In May, Meta cut 8,000 jobs (around 10% of its global workforce) and moved another 7,000 employees into AI-focused roles. One in five Meta employees had their job changed or eliminated, all in the name of building the company's AI future.

Then, on 12 June, an internal memo from Mark Zuckerberg leaked. The headline quote: "Given the complexity of these changes, we've made mistakes and will almost certainly make more."



To be fair to Zuckerberg, it was a more honest admission than we usually get from Big Tech. He acknowledged that some of the new team structures weren't working, specifically, a setup in the Applied AI Engineering unit where a single manager could oversee up to 50 individual contributors. That ratio, by any measure, is chaos.

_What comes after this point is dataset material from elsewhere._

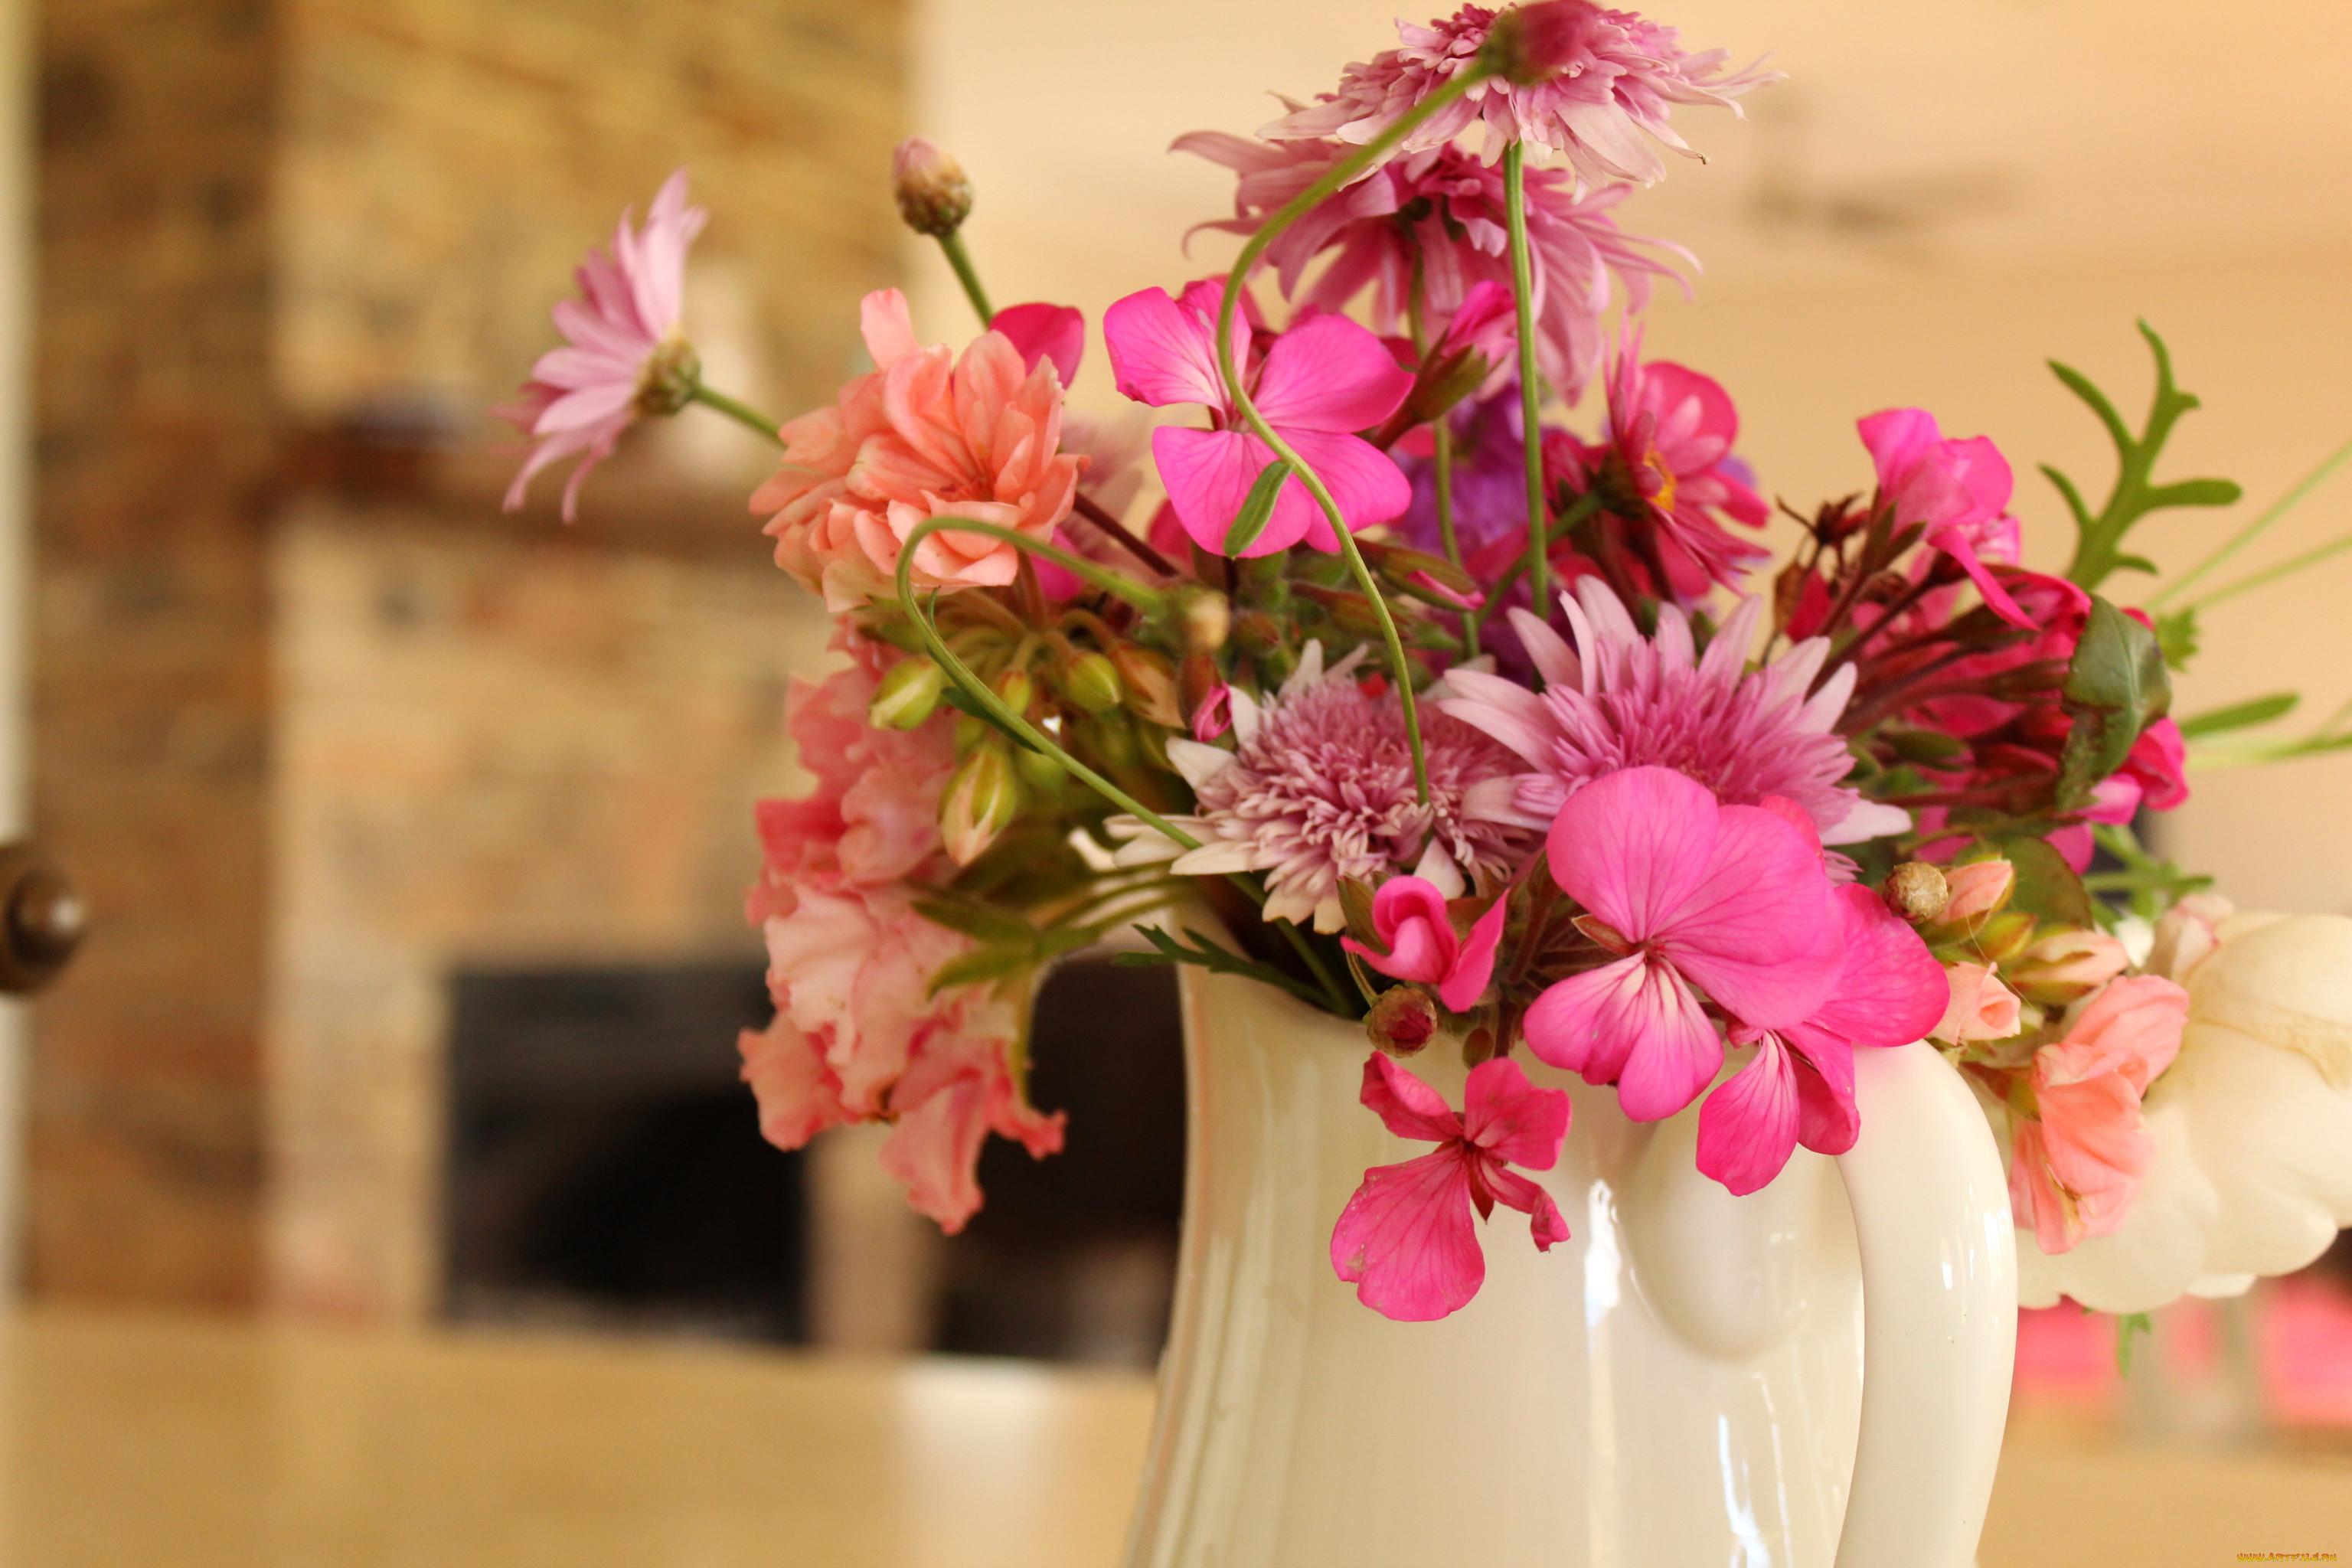 яндекс картинки цветы на столе создана для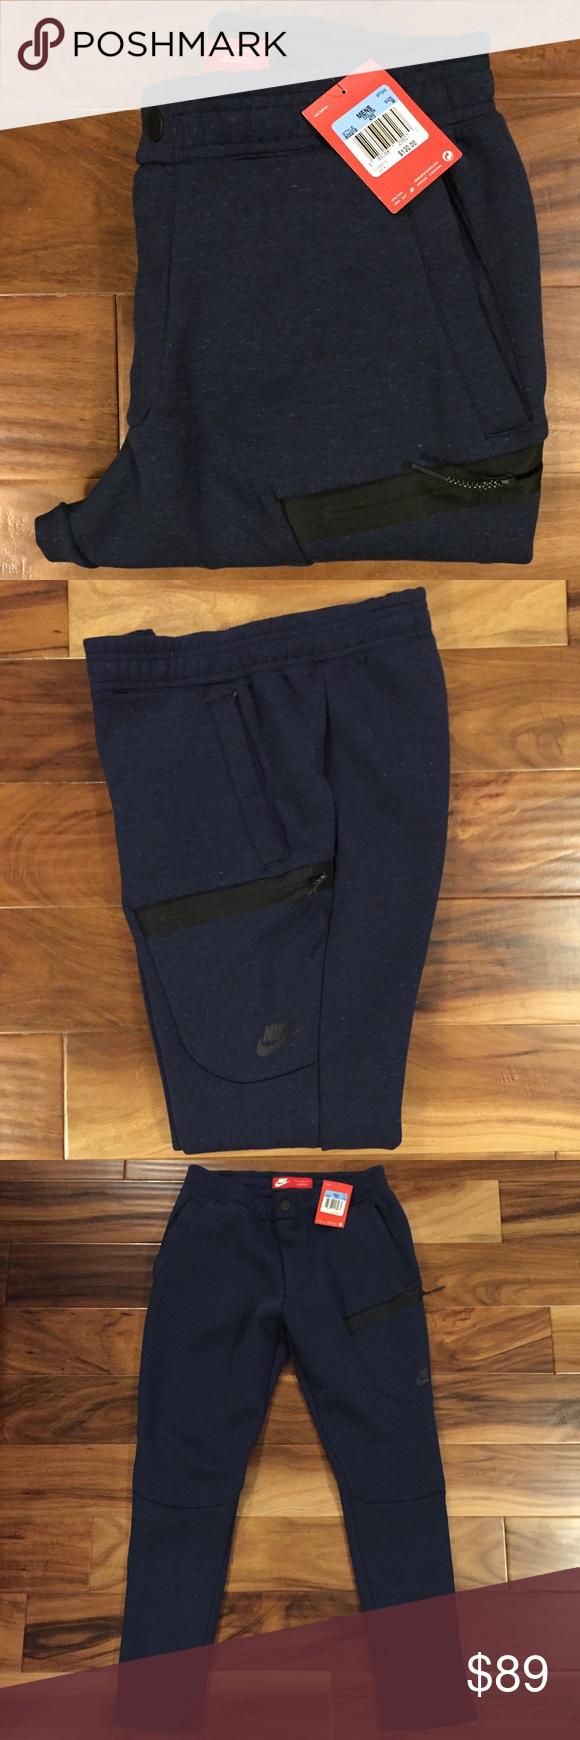 **SOLD** Nike Sportswear Tech Fleece Sweatpants Fleece

Meta is now pulling back on it.


His defence of the layoffs was that by creating new AI-focused roles, Meta gave itself flexibility. If a restructured team wasn't working, they could transfer people rather than cutting them again. It sounds reasonable in theory. In practice, 8,000 people lost their jobs and 7,000 more had their roles reshuffled, all while Meta projected capital expenditure of up to $145 billion for 2026 – more than double what it spent in 2025.


Zuckerberg has promised there will be no more mass layoffs this year. To boost morale, Meta is increasing budgets for team events and running a company-wide hackathon in July.


Whether a hackathon fixes the trust problem is another question entirely.